Он жадно, всеми мыслями и чувствами, цеплялся за жизнь. В последнее время он приказал переделать и ремонтировать свой старинный дом в Москве и устроить роскошные оранжереи в родовом имении Атяшево, мечтал о далеком путешествии вокруг Африки и Азии, лелеял в душе мысль о женитьбе на одной из своих кузин, прекрасной молодой девушке: когда-то, еще будучи кавалерийским юнкером, он танцевал с нею на московских балах, и между ними было что-то вроде наивного, розового, полудетского романа.
— Не люблю я толпы… Иван Андреевич, — говорил он с трудом своим стонущим, глухим голосом, — толкотня… запах… и потом, бог весть, сколько сюда едет больных… плюют… кашляют.
С трапа спустился Доремидонт и доложил, что извозчик готов и что вещи уложены. Медленно, шаг за шагом, часто останавливаясь и со стоном переводя дыхание, поднялся князь на палубу и спустился на пристань. Доремидонт с материнской заботливостью усадил его в легкий двухместный шарабан с полотняным зонтиком наверху, обвернув его ноги пледом, а другим пледом бережно окутал его спину и плечи и крикнул кучеру в белом балахоне:
— Трогай. Гостиница «Лондон».
Они поехали оживленными ялтинскими улицами, мимо кофеен, переполненных смуглолицыми, стройными, крепкими турками и греками-рыбаками, мимо дач, сплошь затканных голубыми ароматными гроздьями глициний и вьющимися белыми розами, мимо развесистых могучих платанов и нежно-зеленых тополей, вдоль по набережной, на которой розовели от цветов широкие кроны мимозы и красовались в золотоверхих шапочках живописные проводники, а доктор, впервые попавший в Крым, не мог сдерживать своего восторга и поминутно восклицал:
— Ах ты, боже мой, какая красота! Подумать только, у нас в Москве слякоть, грязища со снегом, а здесь чисто рай земной. Ялта! Жемчужина Крыма!

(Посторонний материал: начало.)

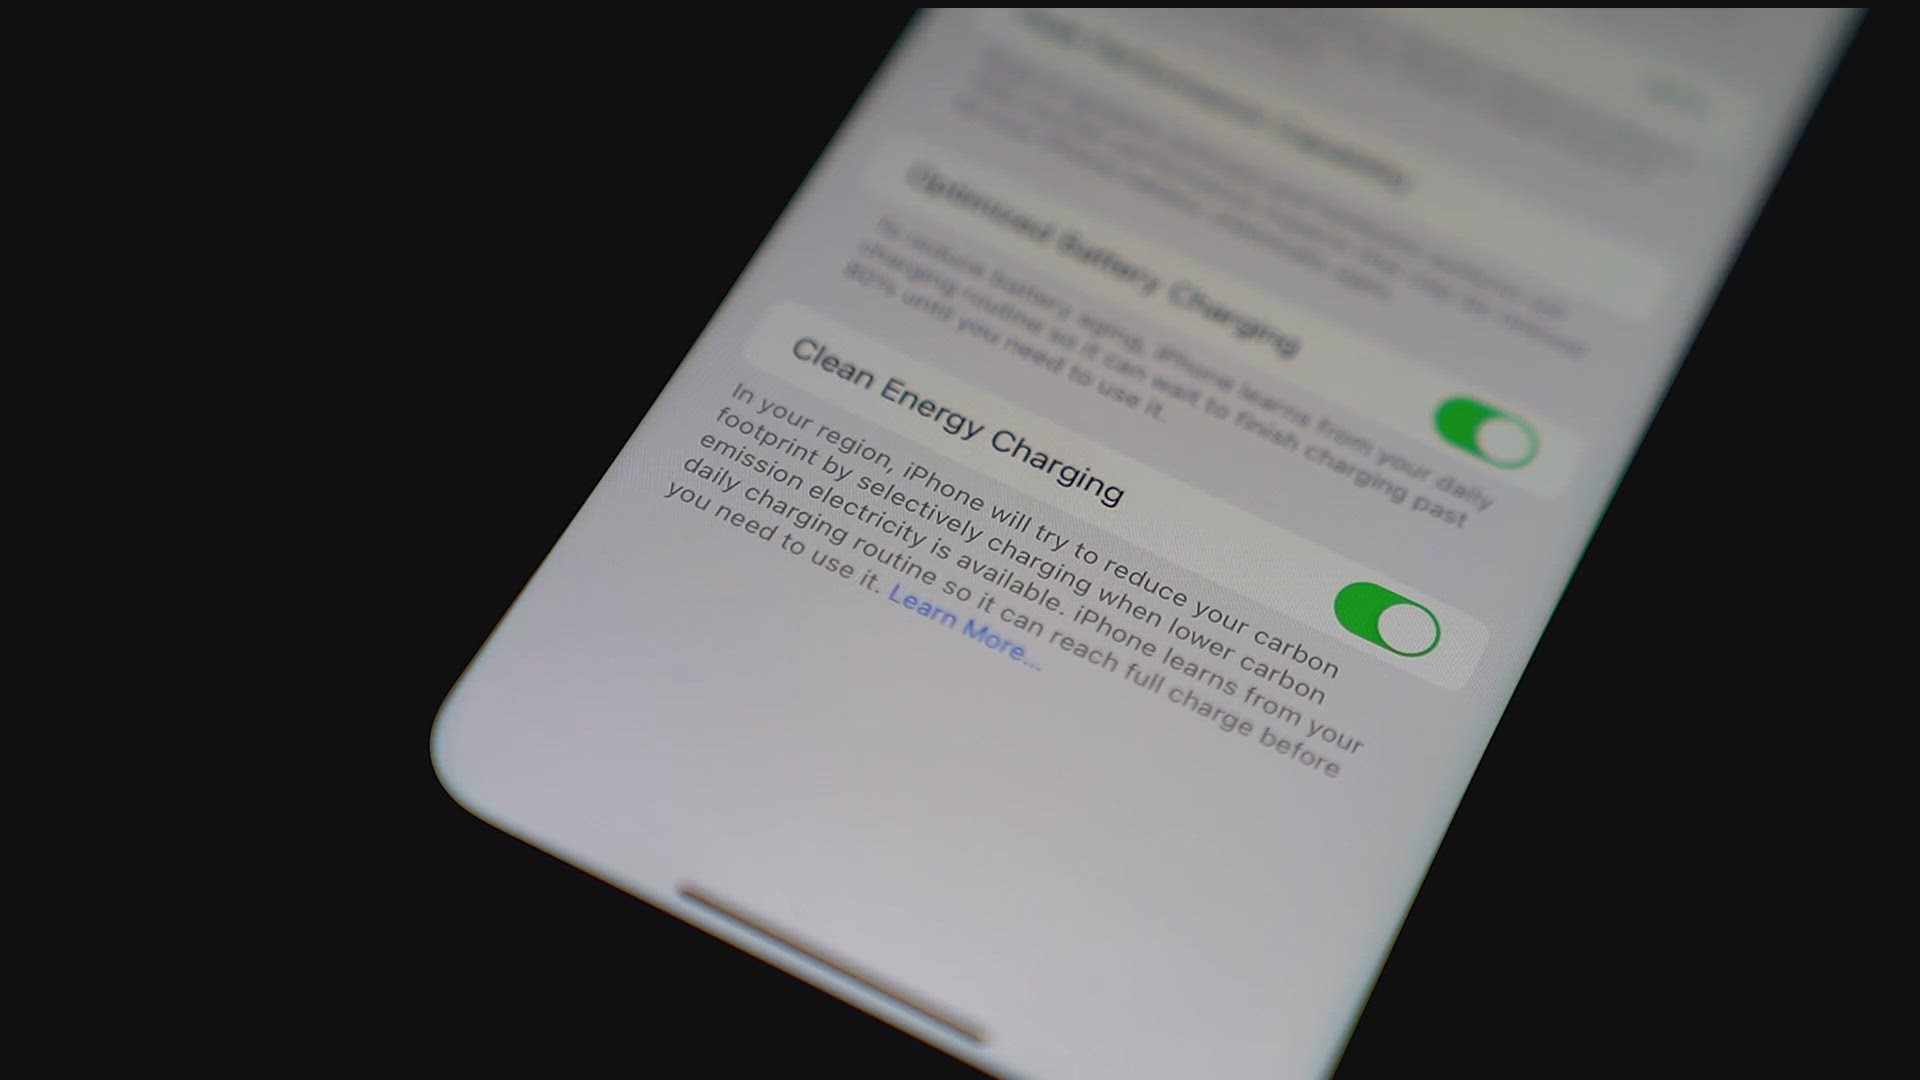 Apple rolled out the feature last fall in the U.S. with the aim of getting iPhones to charge more at times when the grid is using cleaner energy.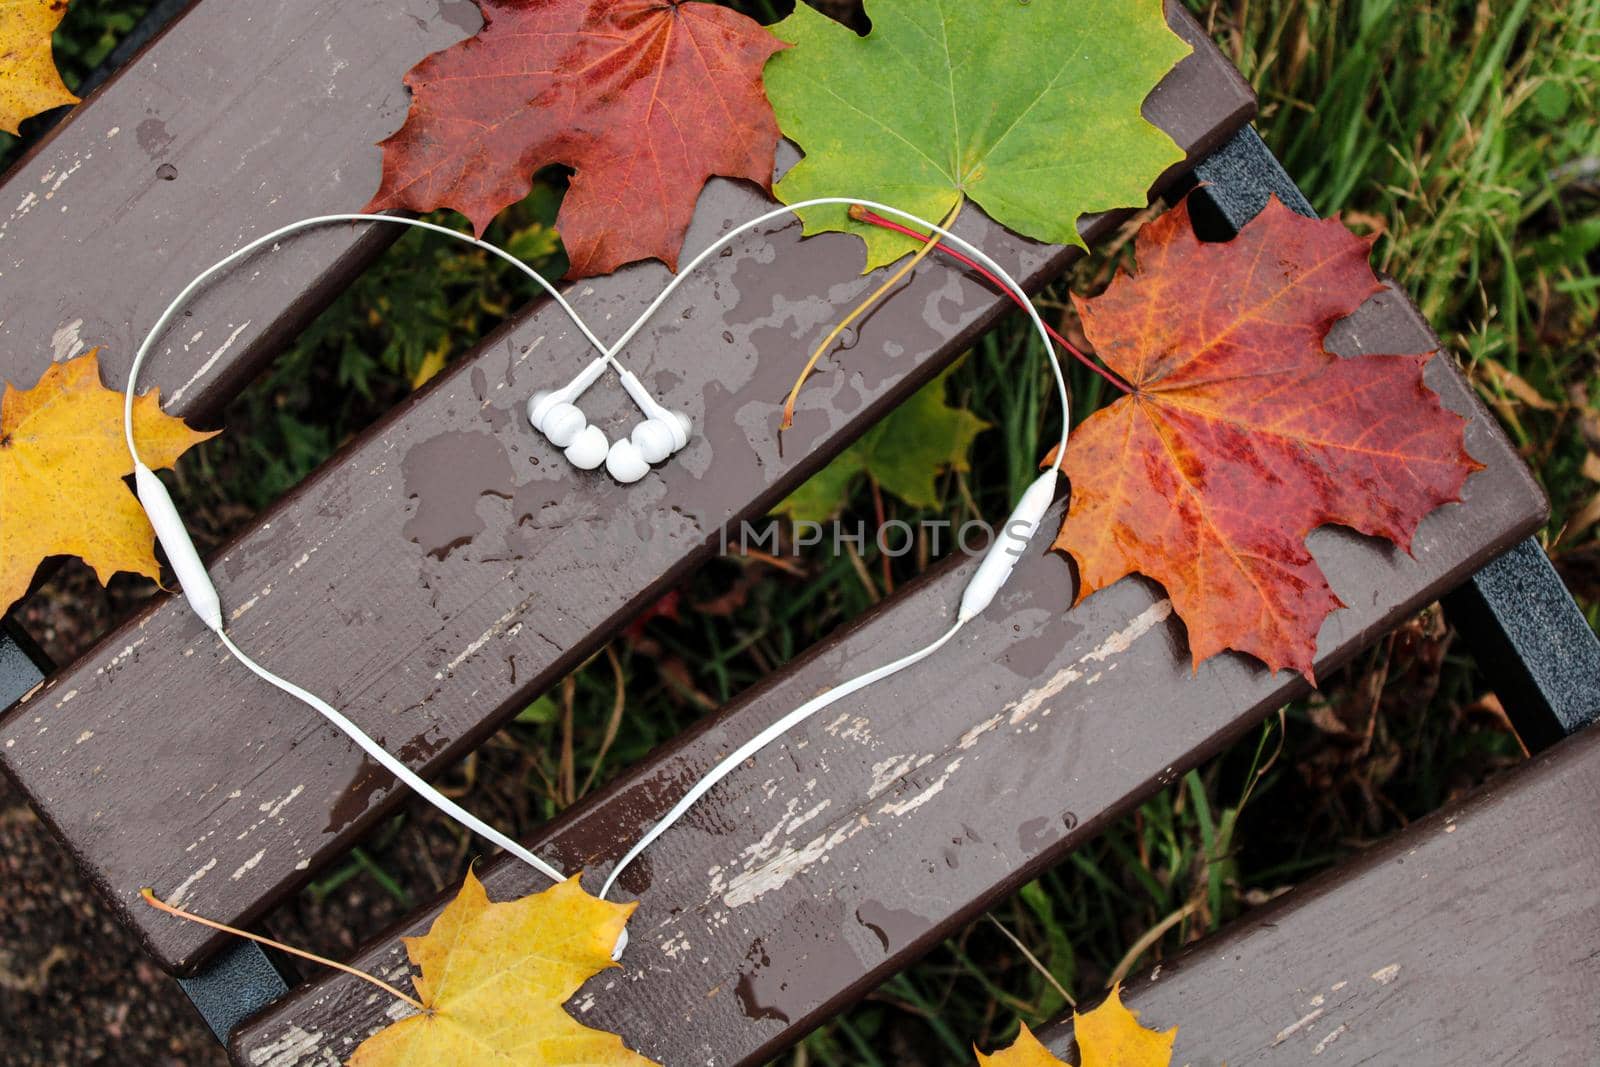 White heart-shaped headphones lie on a bench with maple leaves in an autumn park.

Но князю была противна и эта чрезмерная роскошь природы, и это множество здоровых беспечных людей, густо заполнявших тротуары, и докторский пафос. Он поморщился и, кутаясь в свой английский плед, сказал брезгливо:
— Бросьте, дорогой Иван Андреевич. Просто нелепый, грязный, неустроенный — настоящий русский курорт. Через два дня вы другое запоете.